## EXERCISE PROMPT
Would you give back exactly the lines from the line with "Kariatide LUBA stoel,met" through the end of the entries below, both included, but none of the pictures?

## DATA LISTING
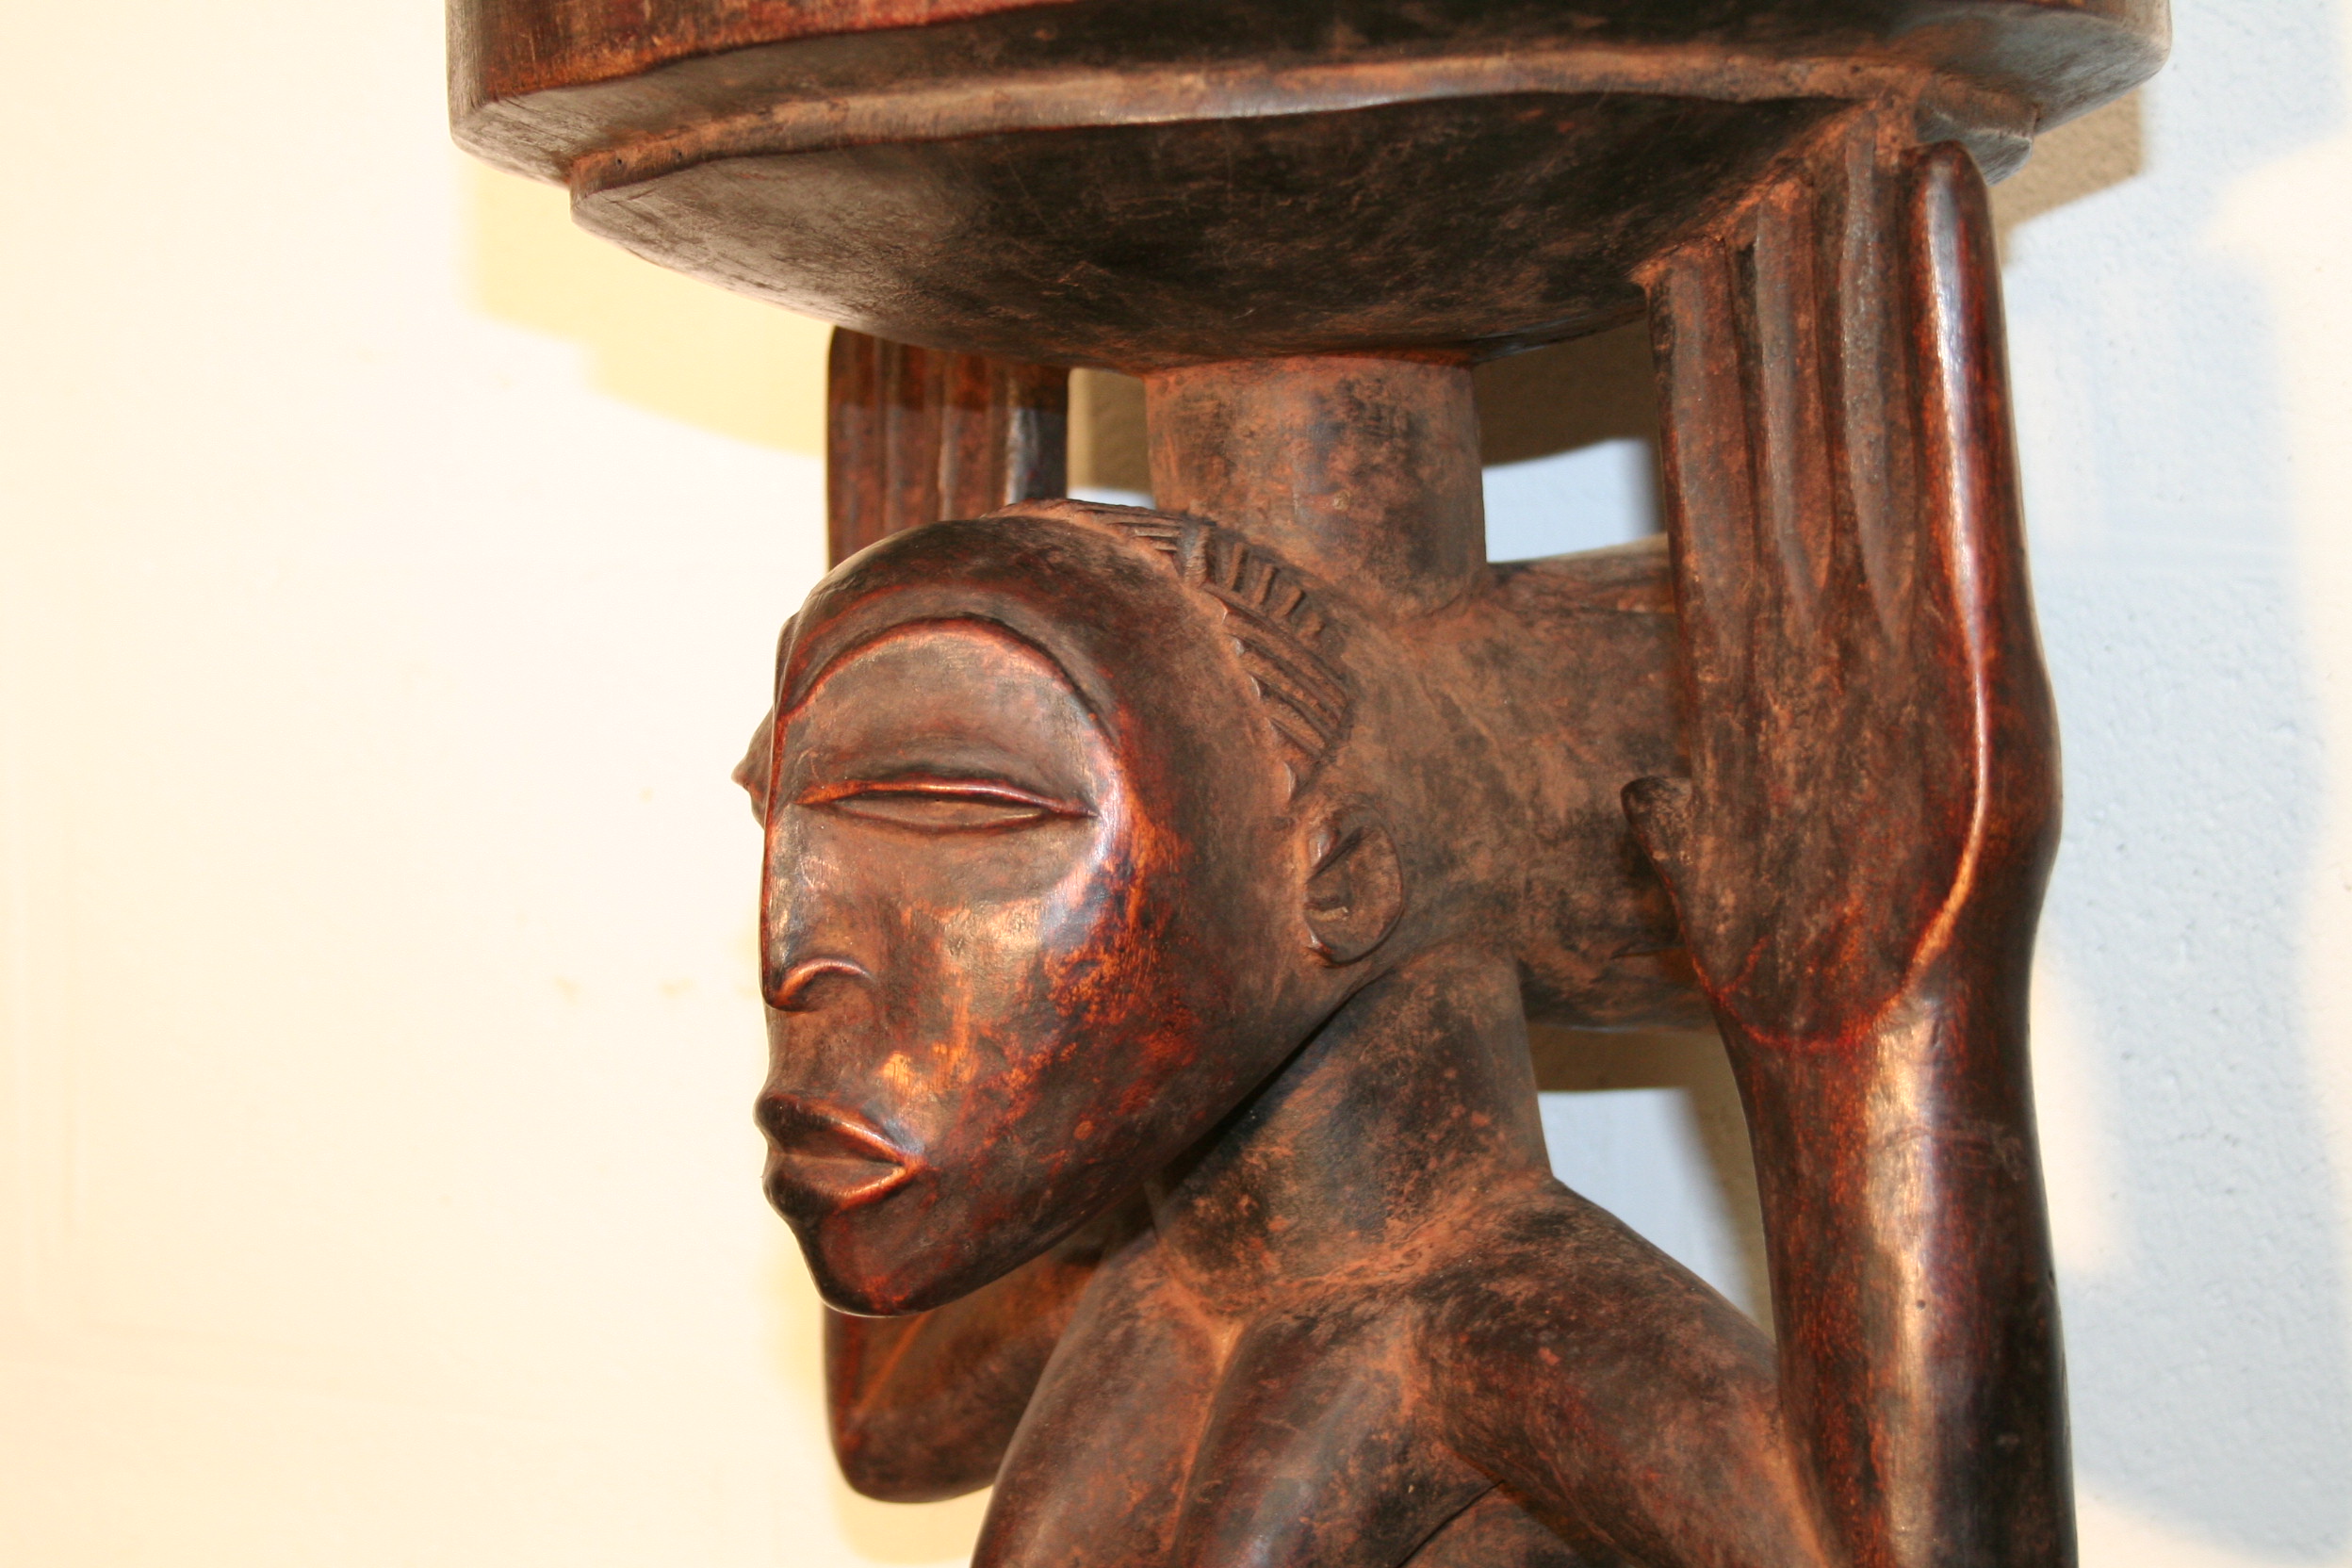 Luba(cariatide), d`afrique : R.d.du Congo, statuette Luba(cariatide), masque ancien africain Luba(cariatide), art du R.d.du Congo - Art Africain, collection privées Belgique. Statue africaine de la tribu des Luba(cariatide), provenant du R.d.du Congo, 1649:siège cariatide Luba.représentant une femme agenouillée soutenant un plateau de ses deux mains Elle a une coiffure  Luba très élaborée.Milieu du 20eme sc.

Kariatide LUBA stoel,met geknielde vrouw die met beide handen de zitting vasthoud
Ze heeft ook een mooie Luba haartooi.Midden de 20ste  eeuw







. art,culture,masque,statue,statuette,pot,ivoire,exposition,expo,masque original,masques,statues,statuettes,pots,expositions,expo,masques originaux,collectionneur d`art,art africain,culture africaine,masque africain,statue africaine,statuette africaine,pot africain,ivoire africain,exposition africain,expo africain,masque origina africainl,masques africains,statues africaines,statuettes africaines,pots africains,expositions africaines,expo africaines,masques originaux  africains,collectionneur d`art africain
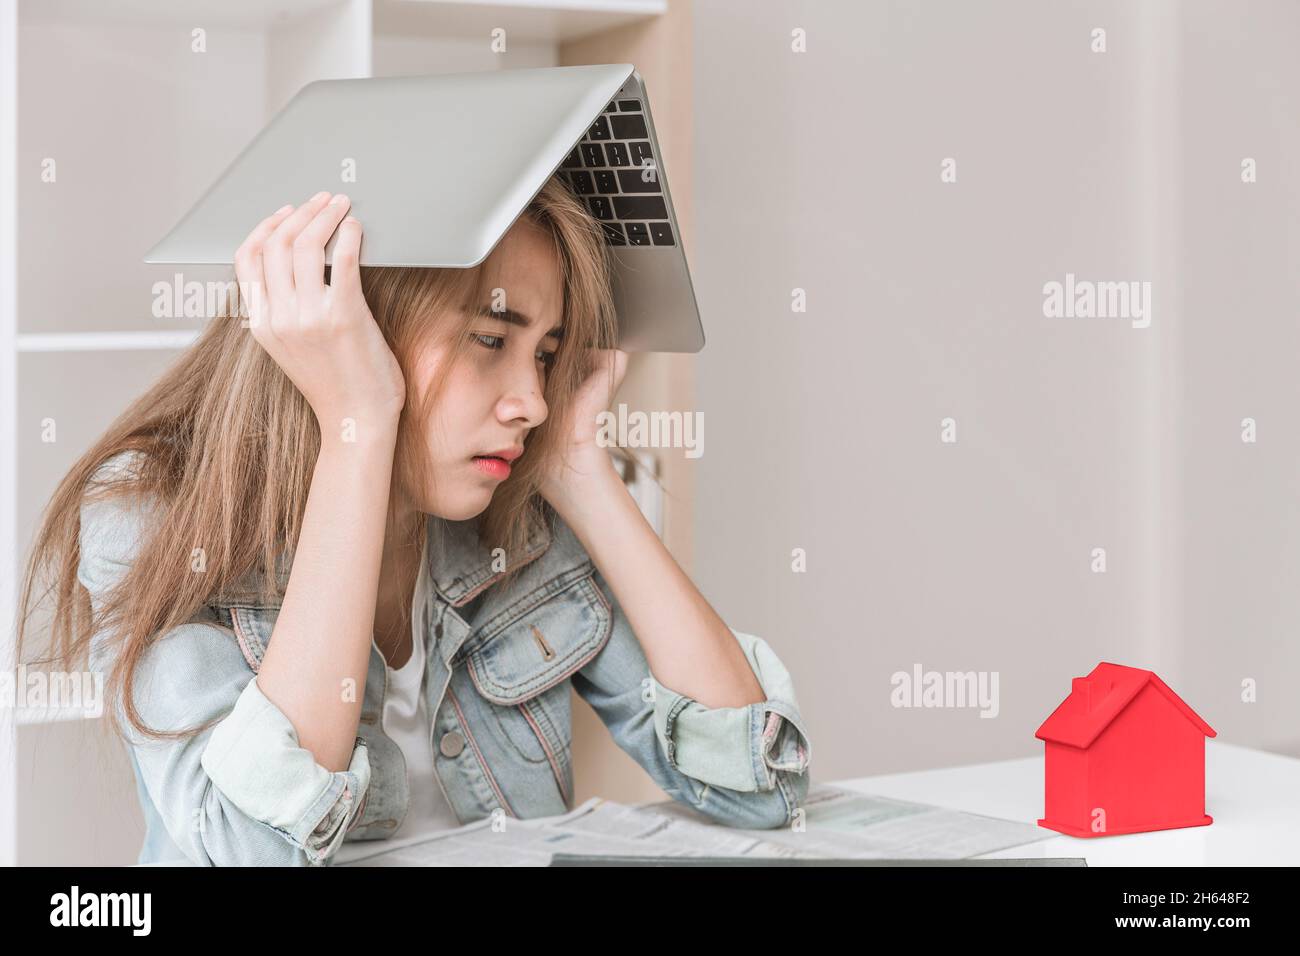 Menschen teen Mädchen Stress Sorge mit Hauskosten und Schulden Konzept Stockfoto
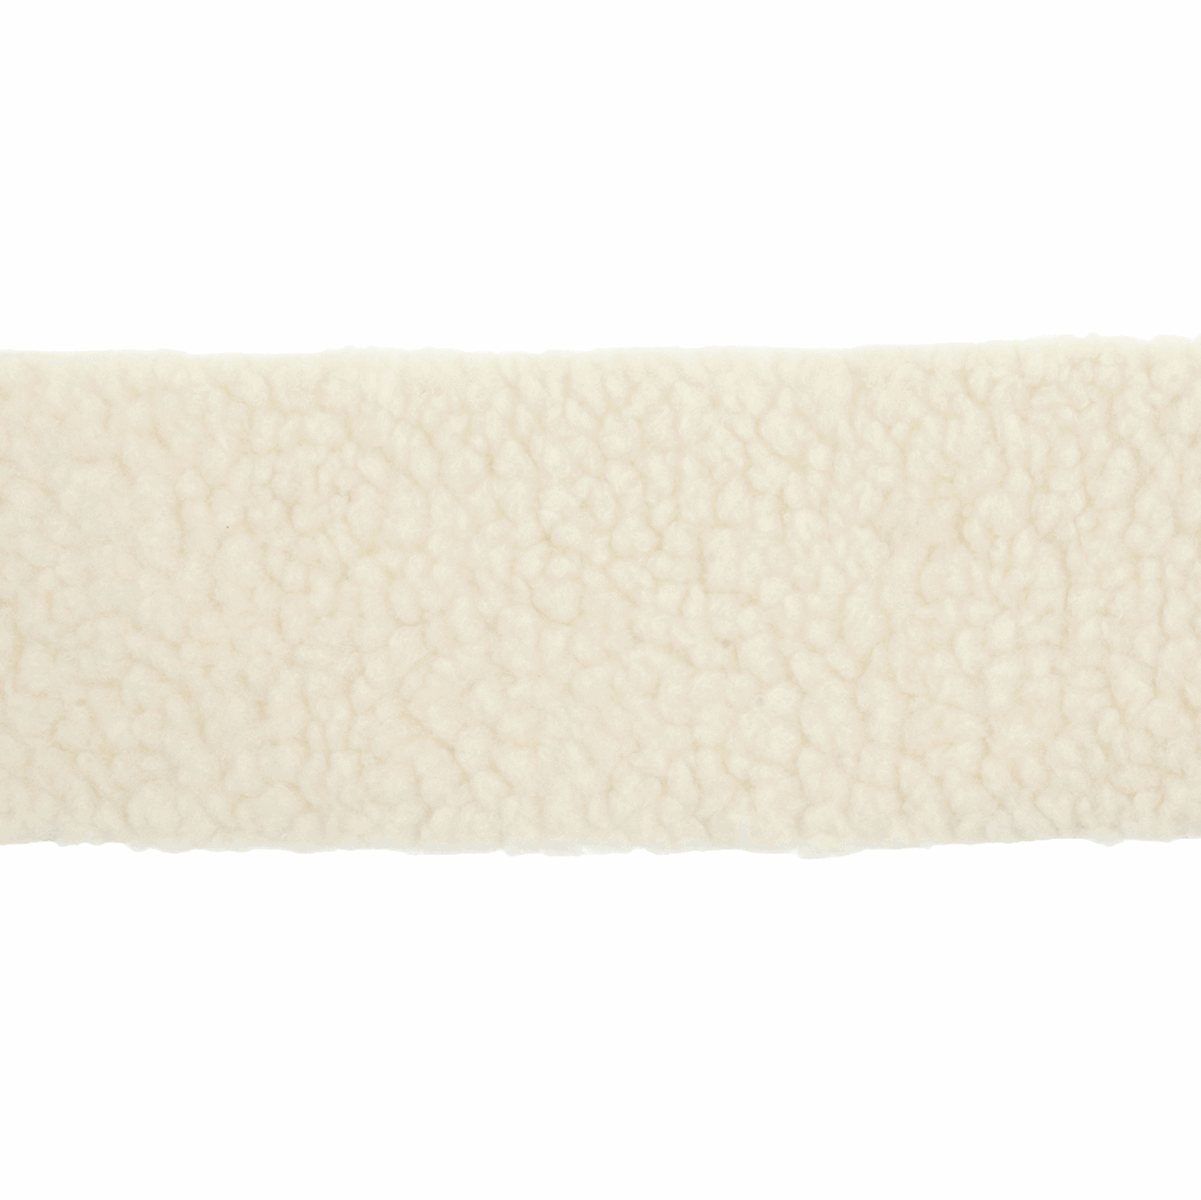 Trimits Luxury Faux Sheepskin Roll - 2m x 80mm

## WRITTEN ANSWER
Kariatide LUBA stoel,met geknielde vrouw die met beide handen de zitting vasthoud
Ze heeft ook een mooie Luba haartooi.Midden de 20ste  eeuw







. art,culture,masque,statue,statuette,pot,ivoire,exposition,expo,masque original,masques,statues,statuettes,pots,expositions,expo,masques originaux,collectionneur d`art,art africain,culture africaine,masque africain,statue africaine,statuette africaine,pot africain,ivoire africain,exposition africain,expo africain,masque origina africainl,masques africains,statues africaines,statuettes africaines,pots africains,expositions africaines,expo africaines,masques originaux  africains,collectionneur d`art africain
 Menschen teen Mädchen Stress Sorge mit Hauskosten und Schulden Konzept Stockfoto
 Trimits Luxury Faux Sheepskin Roll - 2m x 80mm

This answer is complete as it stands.